**** Data supplied

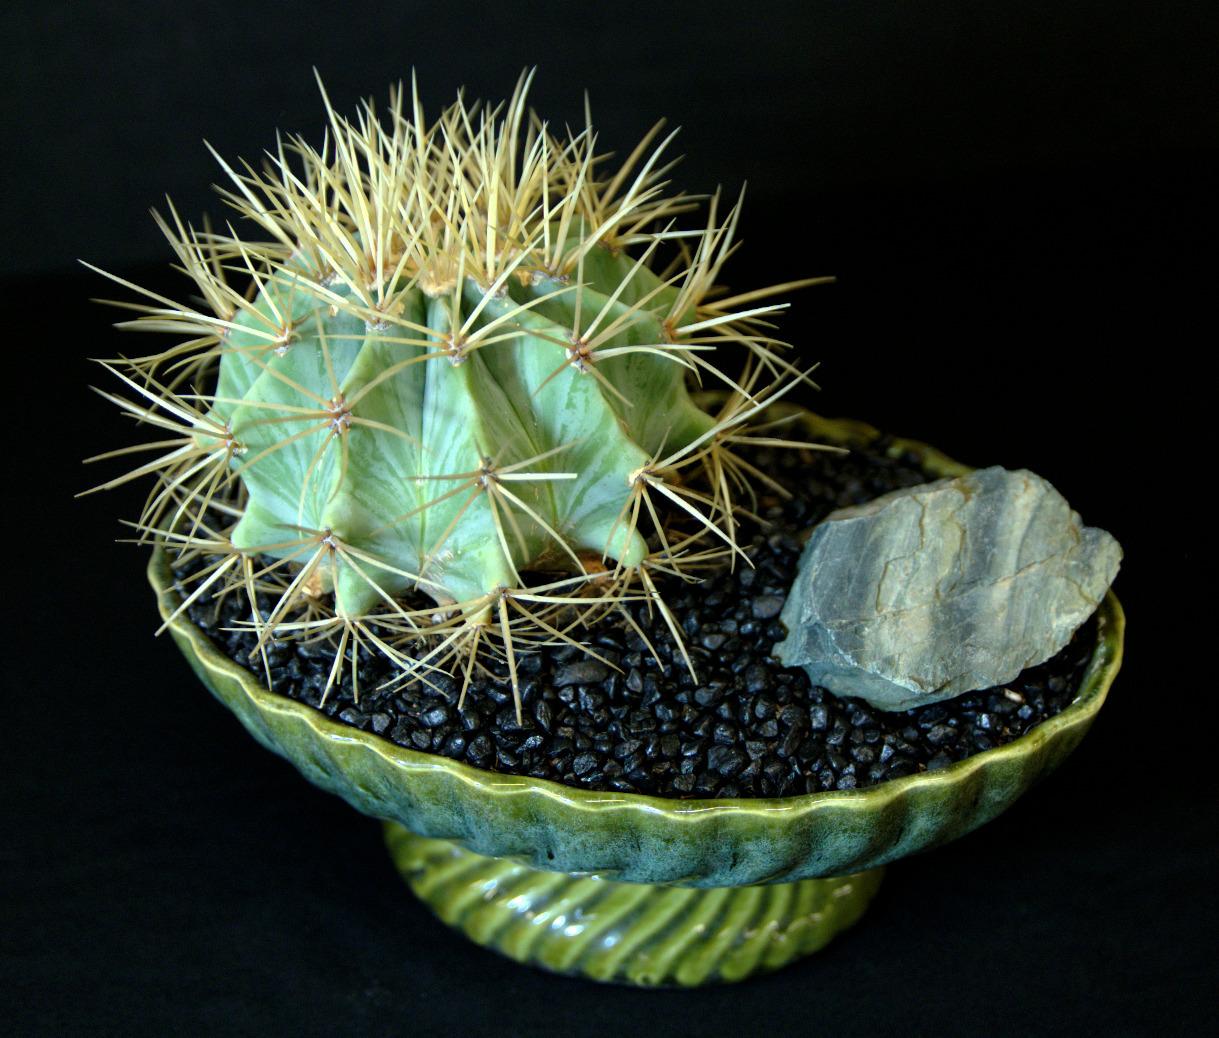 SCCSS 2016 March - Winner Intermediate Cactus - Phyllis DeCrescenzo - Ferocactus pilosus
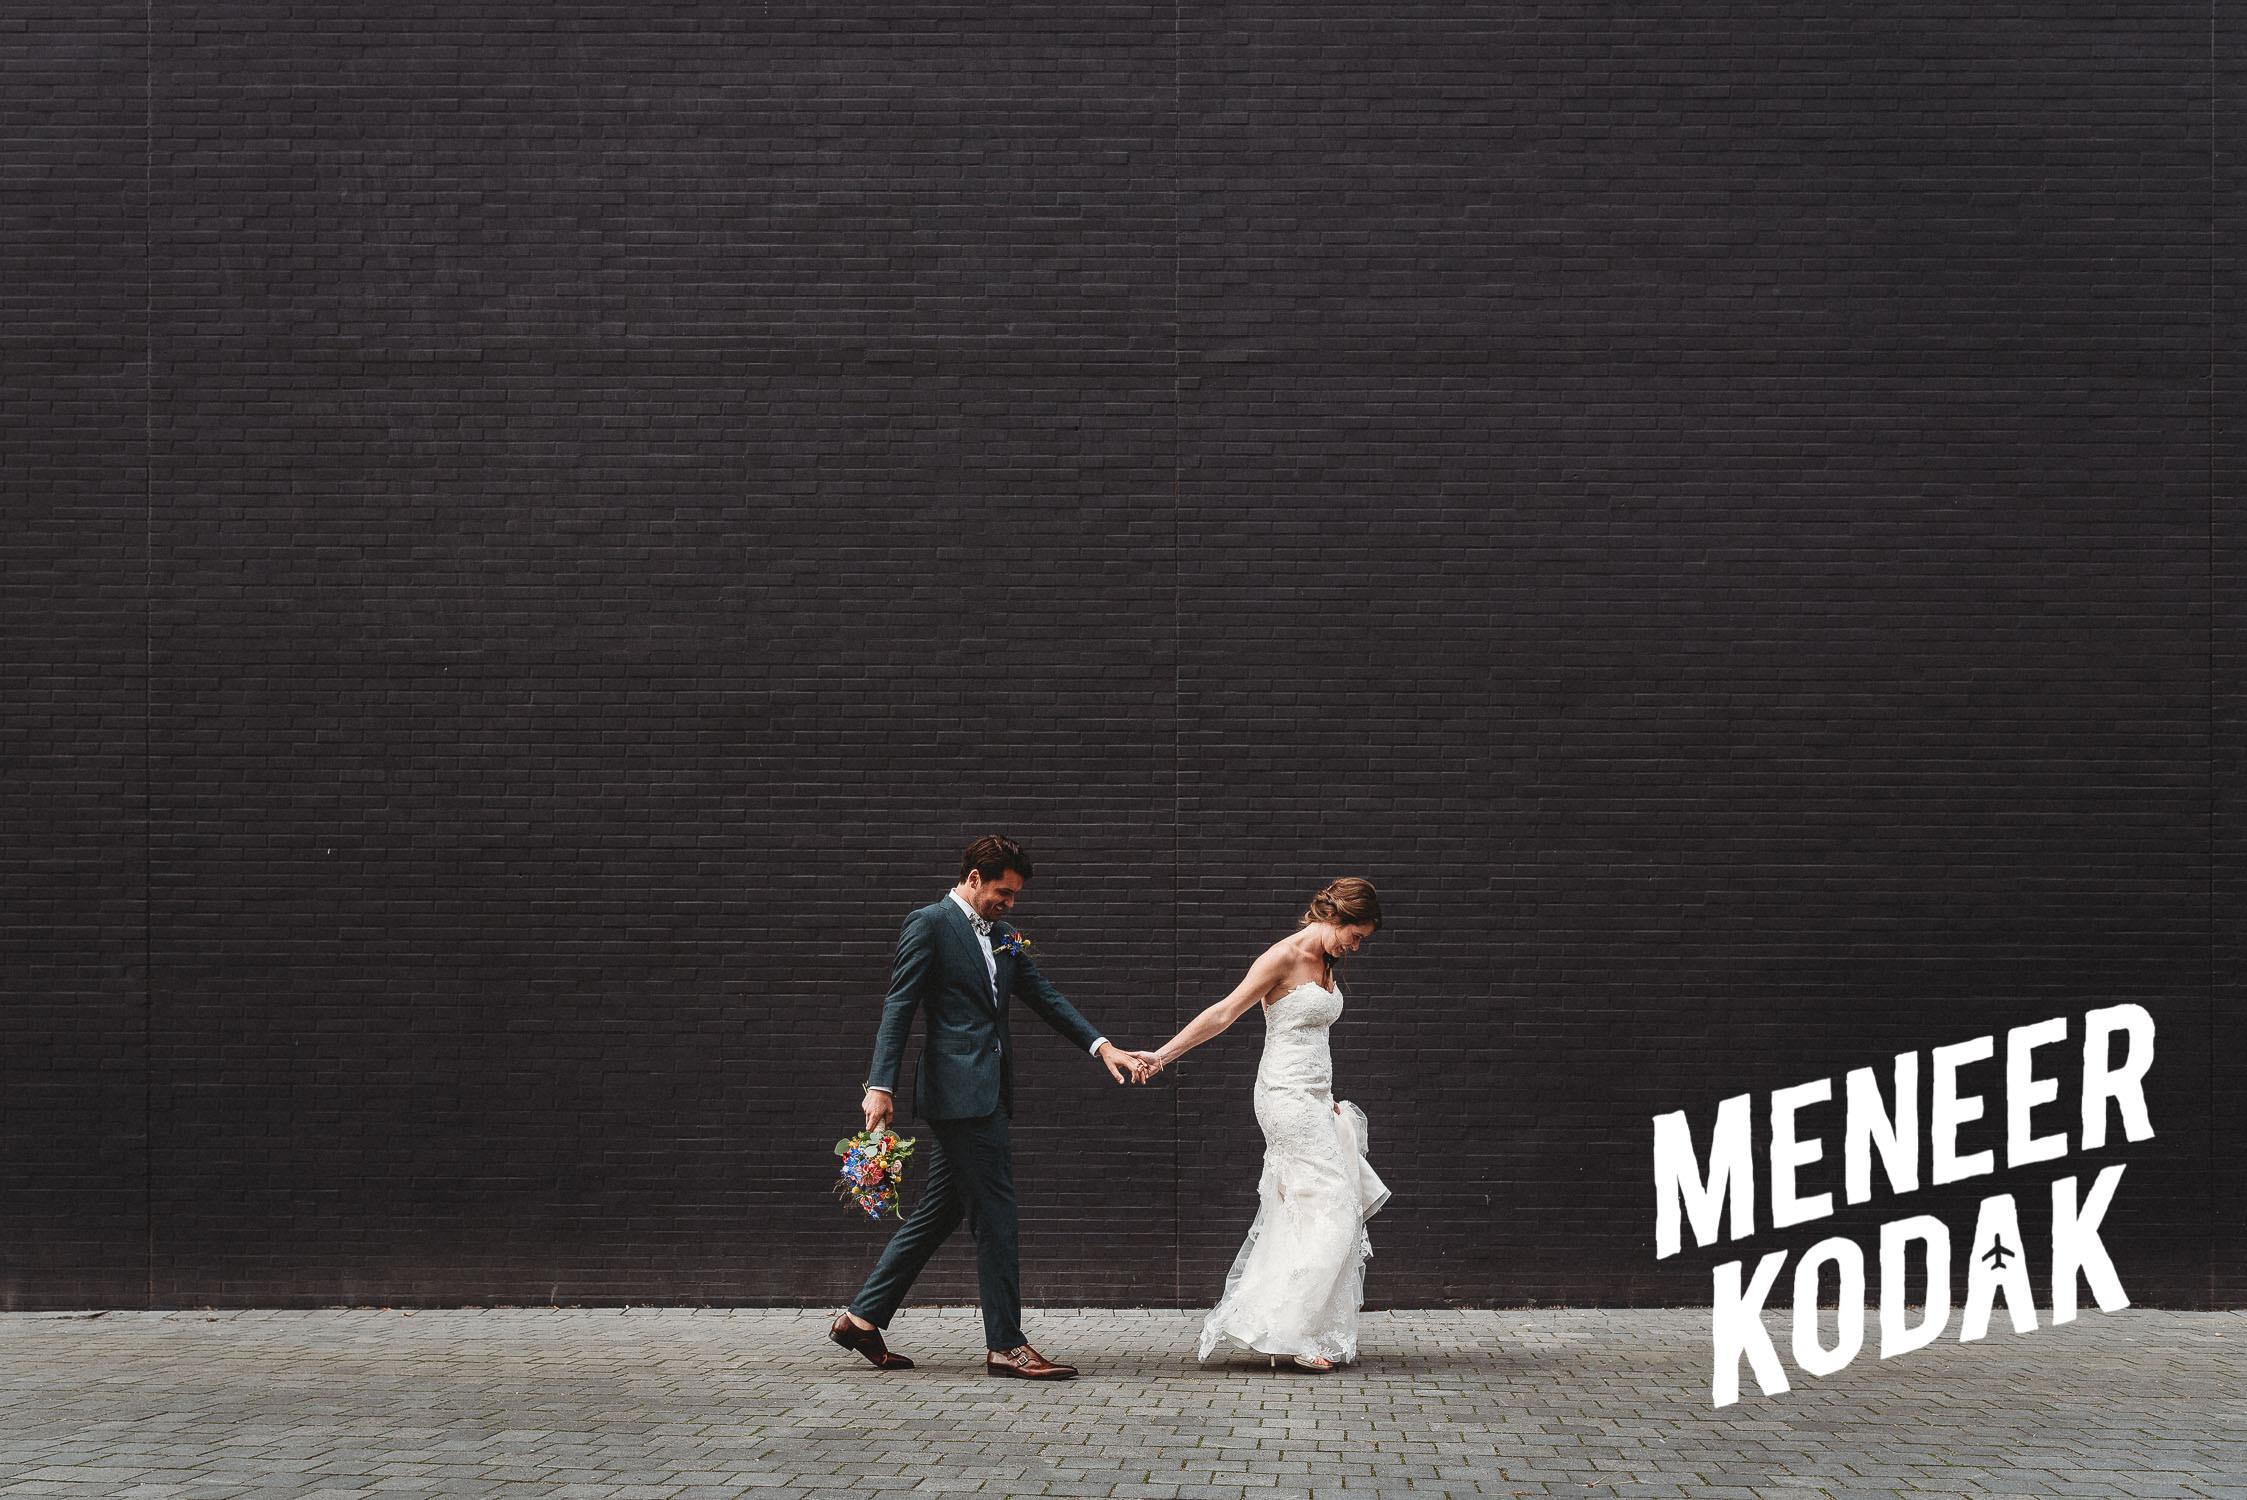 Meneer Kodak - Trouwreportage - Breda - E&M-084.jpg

********
**** Data supplied

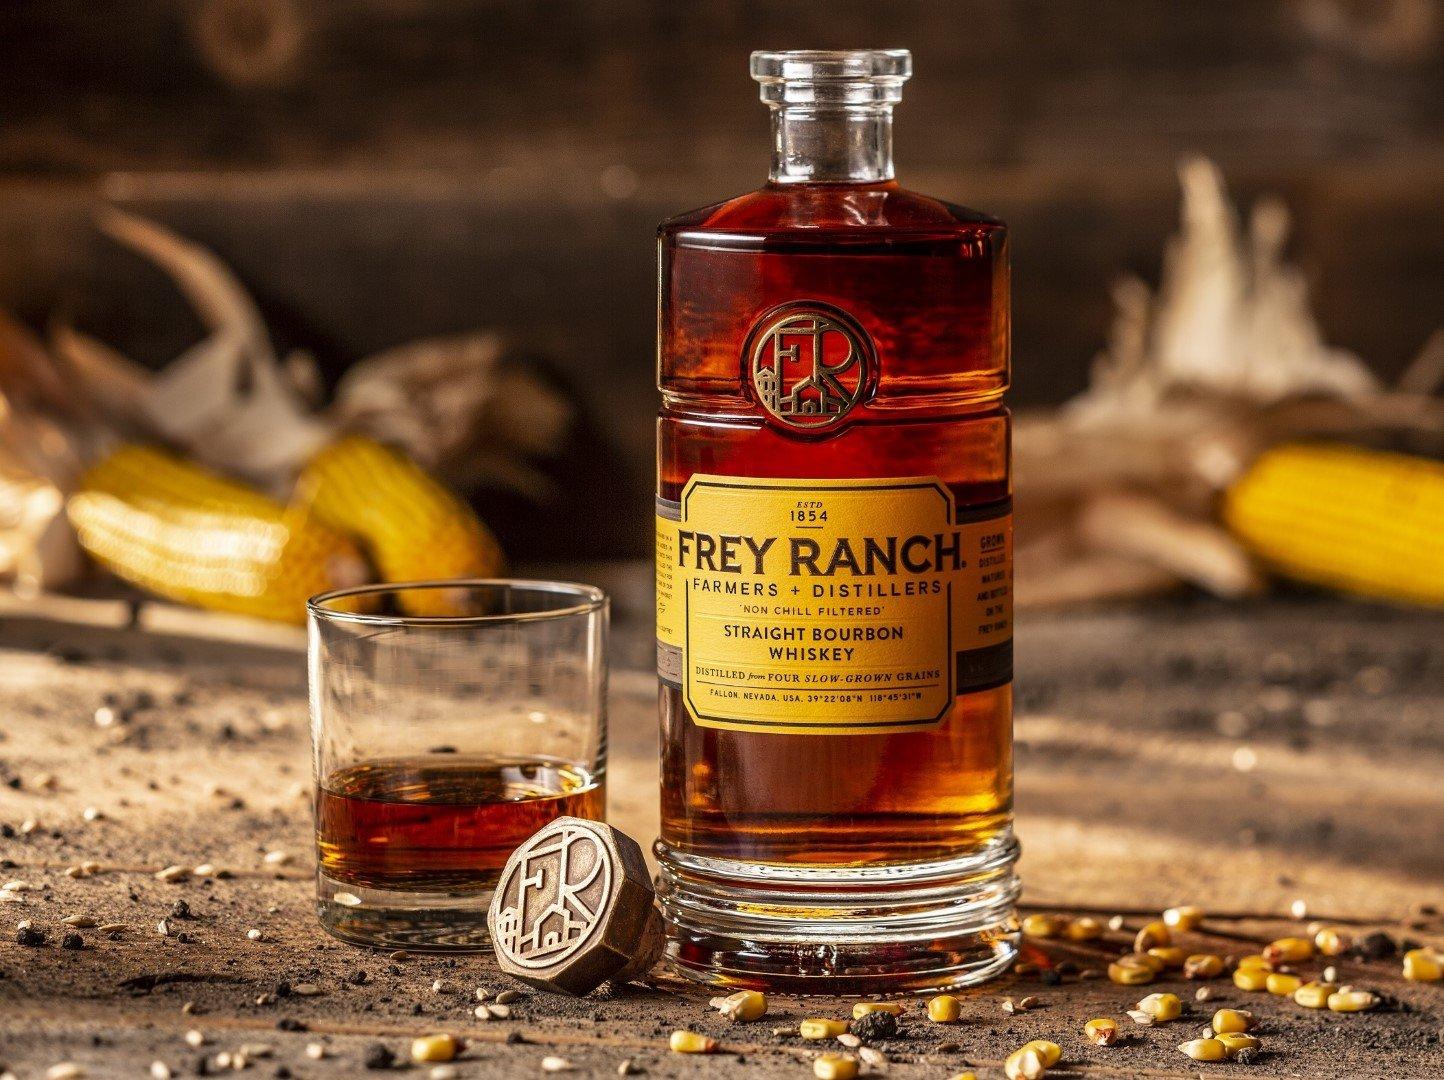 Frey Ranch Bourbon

********

▸ **What is required**: Copy only these lines from the records above, exactly: the one with "SCCSS 2016 March", the one with "Meneer Kodak - Trouwreportage", and those between. Skip the pictures.

▸ **Finished exercise**:
 SCCSS 2016 March - Winner Intermediate Cactus - Phyllis DeCrescenzo - Ferocactus pilosus
 Meneer Kodak - Trouwreportage - Breda - E&M-084.jpg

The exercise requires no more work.